Mattina refused the request, instead directing police to get the message out on the street that the man should not be harmed.

The identity of the man, who is the son of a deceased Buffalo police officer, was not released. He said the debt stems from an incident two weeks ago, when he was robbed after making a drug delivery for a local dealer.

Capt. Mark Morgan, head of the Buffalo Police Department's Narcotics Unit, told Mattina that if the man's claims are accurate, he could be the victim of an extortion plot by dealers seeking to make double collections.

Morgan has assigned an investigator to contact drug dealers who police said already have been linked to telephoned threats to the man.

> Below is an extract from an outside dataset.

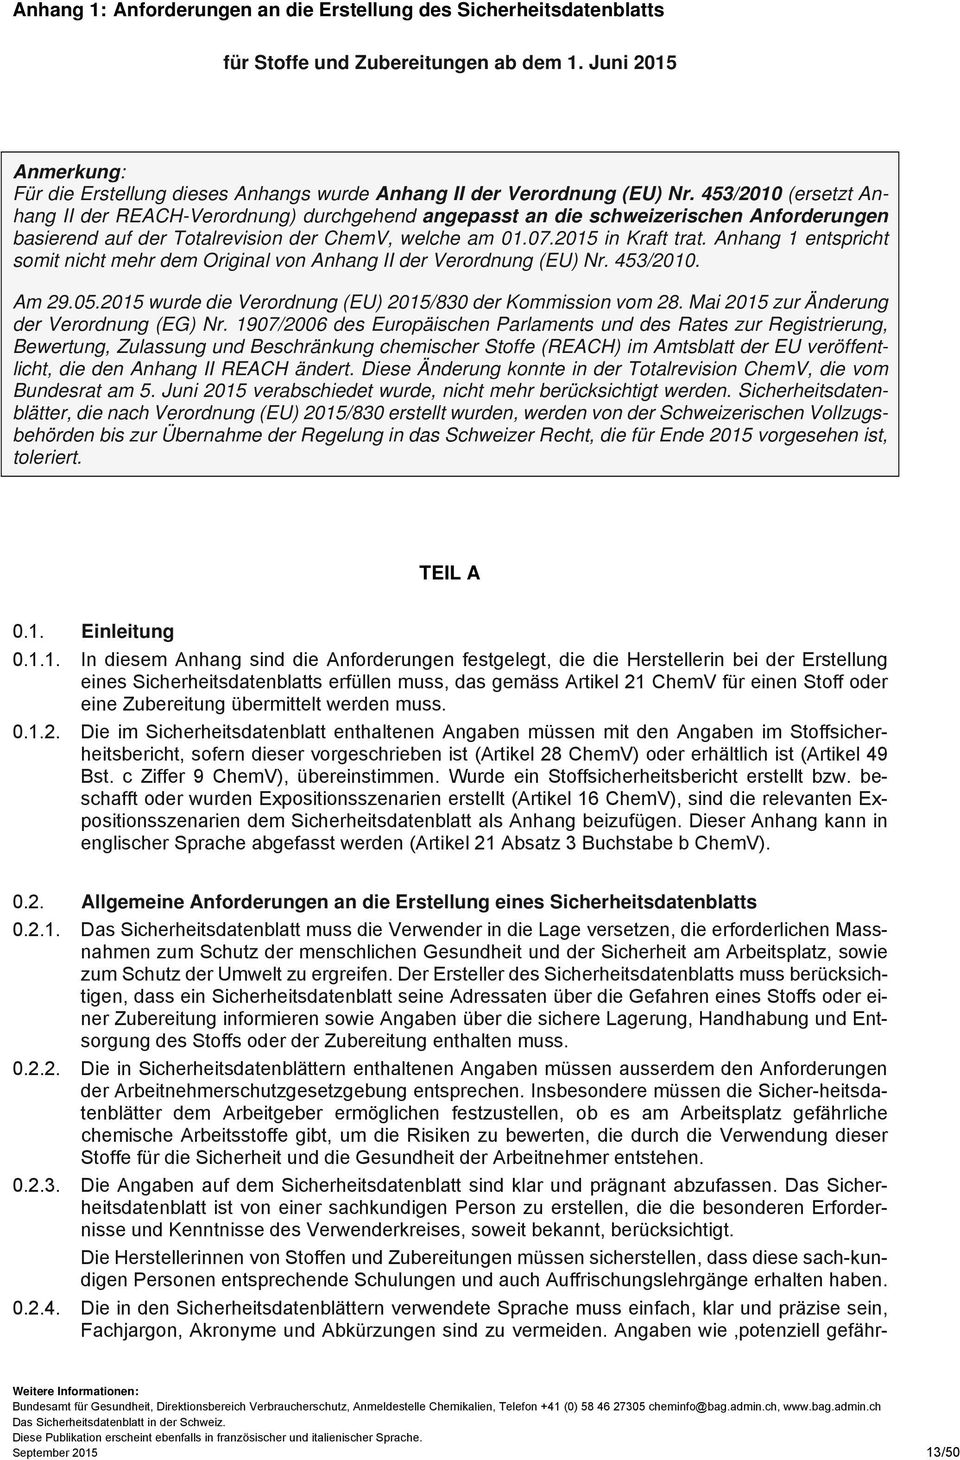 453/2010 (ersetzt Anhang II der REACH-Verordnung) durchgehend angepasst an die schweizerischen Anforderungen basierend auf der Totalrevision der ChemV, welche am 01.07.2015 in Kraft trat.

Because the man turned 21 last month, Mattina lacked legal authority to order him to get drug treatment, but he suggested it. Court officials pointed out that if the trust fund had not been established, the man would have been free to take the remaining money and spend it.

"I'm trying to save your life, and I want to send the word out that (drug dealers) better not touch a hair on your head," the judge told the man. "I can't give you money for drug dealers."

Under the terms of the trust fund, the man receives about $900 a month for living expenses but has to seek Mattina's permission to withdraw any other funds, court officials said.

During Tuesday's proceedings, Thomas E. Hewner, whom Mattina appointed counsel for the trust fund, told the judge the man had called him last week asking for $3,000 for a trip to Disney World and claiming at that time that his father wanted him "to have fun" with the money.